### Supplied information ###
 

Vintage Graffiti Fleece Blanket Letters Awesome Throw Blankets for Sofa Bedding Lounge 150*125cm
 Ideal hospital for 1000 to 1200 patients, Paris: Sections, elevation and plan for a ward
###
### Supplied information ###
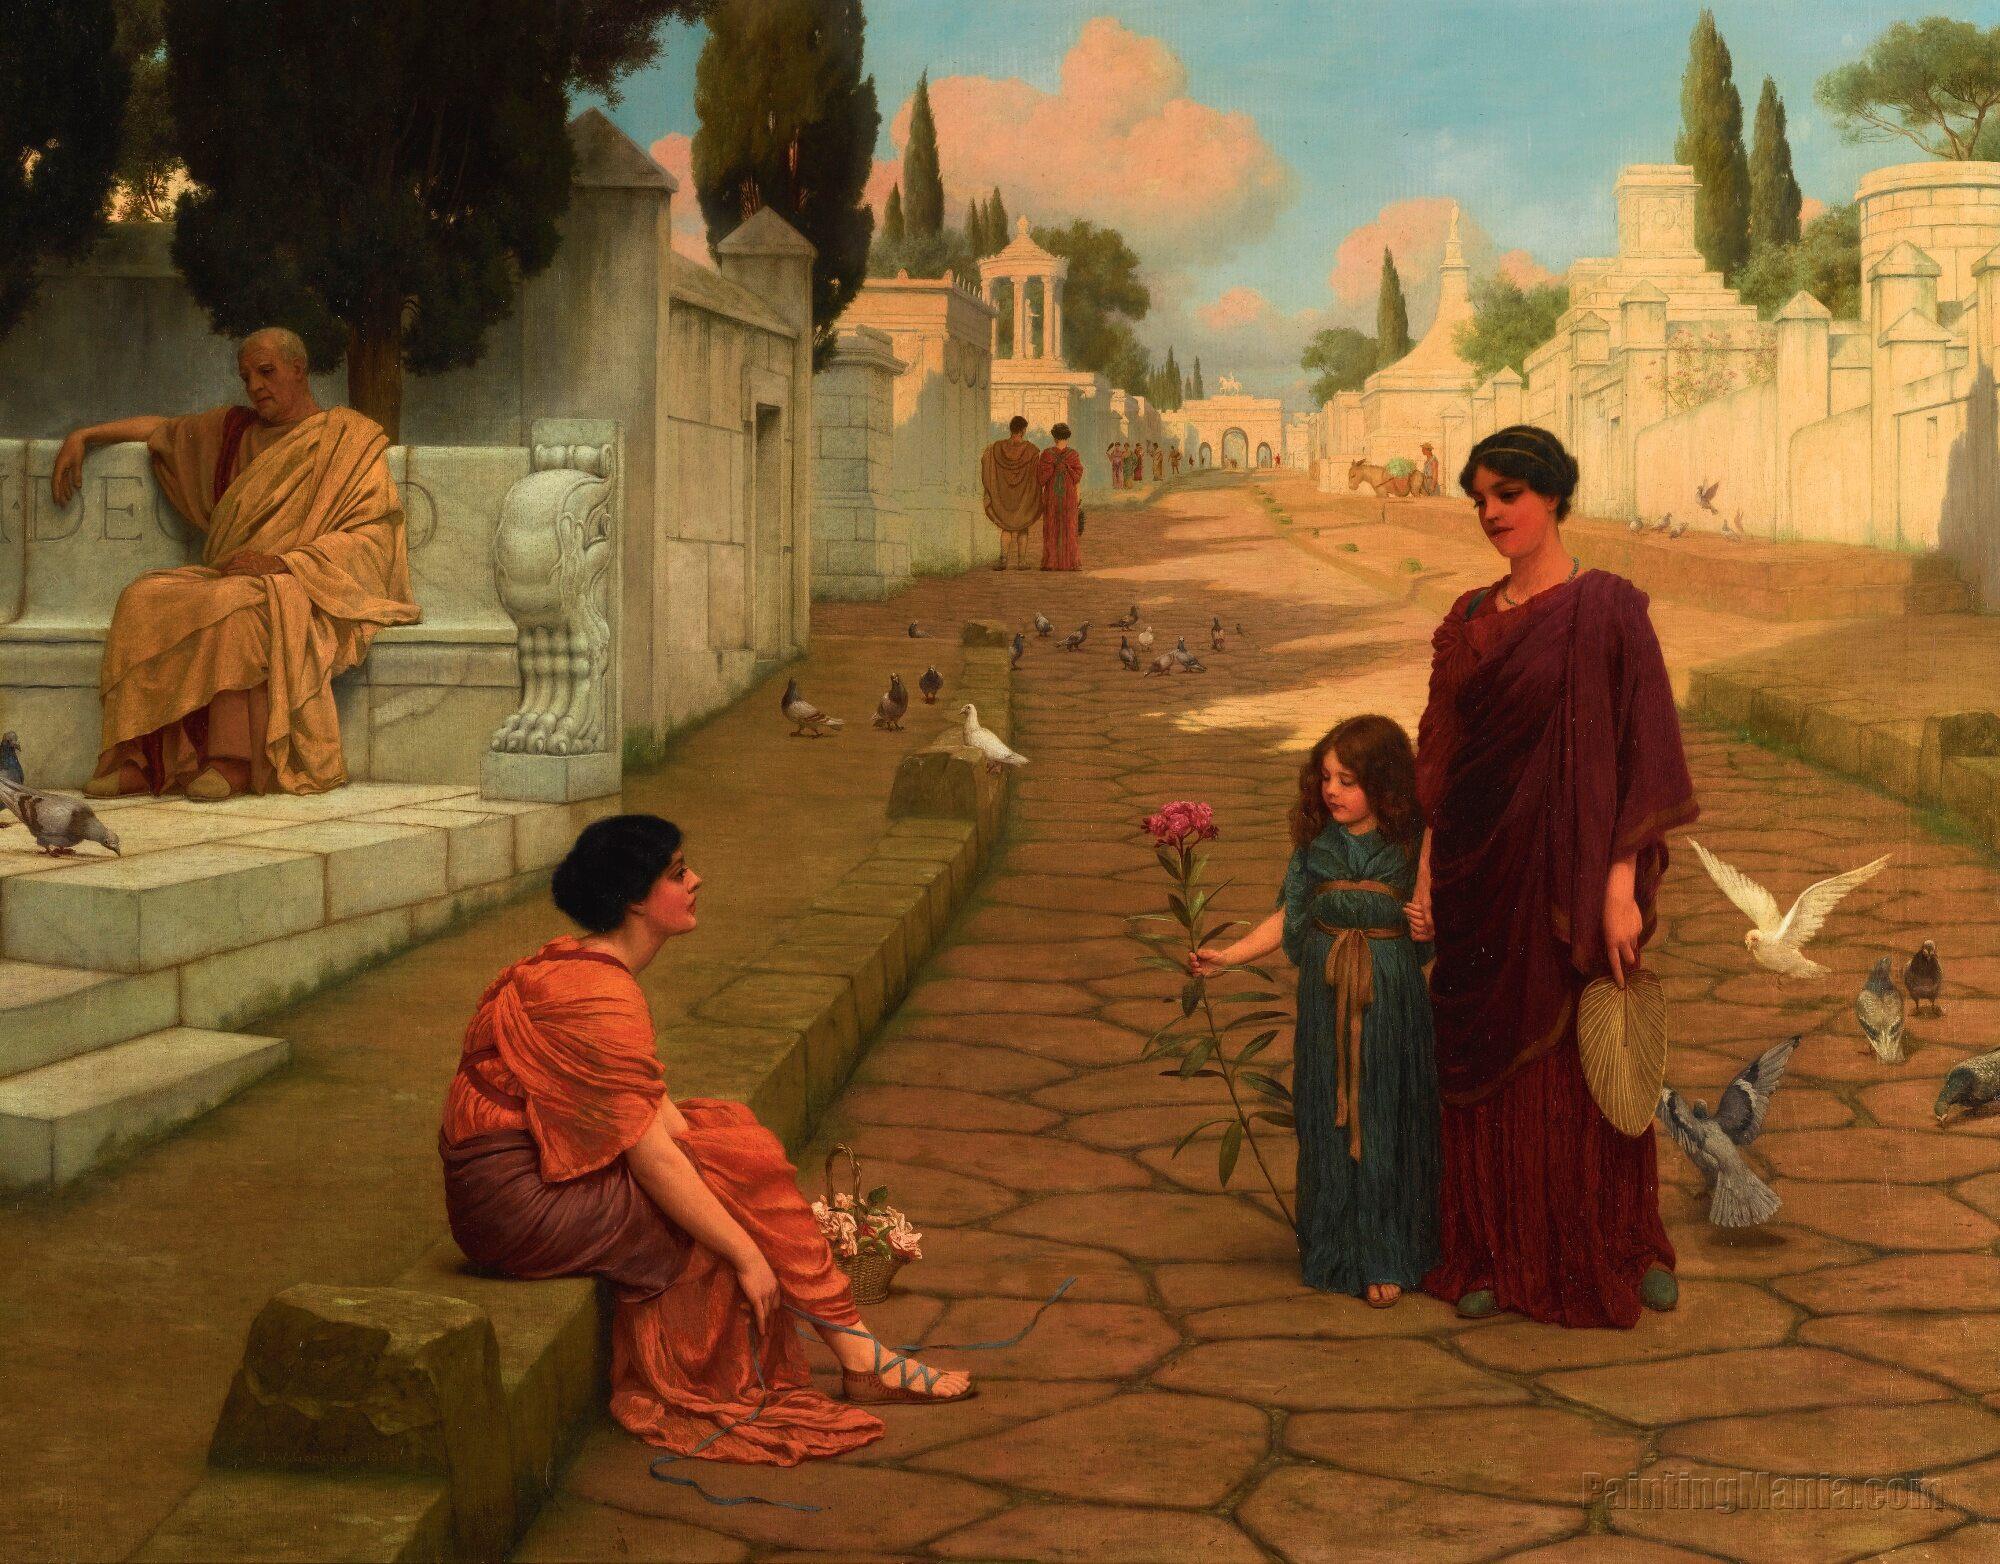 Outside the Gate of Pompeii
###
Exercise requirements:
Reproduce only the lines above spanning from the line containing "Vintage Graffiti Fleece" through the line containing "Ideal hospital for", word for word.

Solution to the exercise:
Vintage Graffiti Fleece Blanket Letters Awesome Throw Blankets for Sofa Bedding Lounge 150*125cm
 Ideal hospital for 1000 to 1200 patients, Paris: Sections, elevation and plan for a ward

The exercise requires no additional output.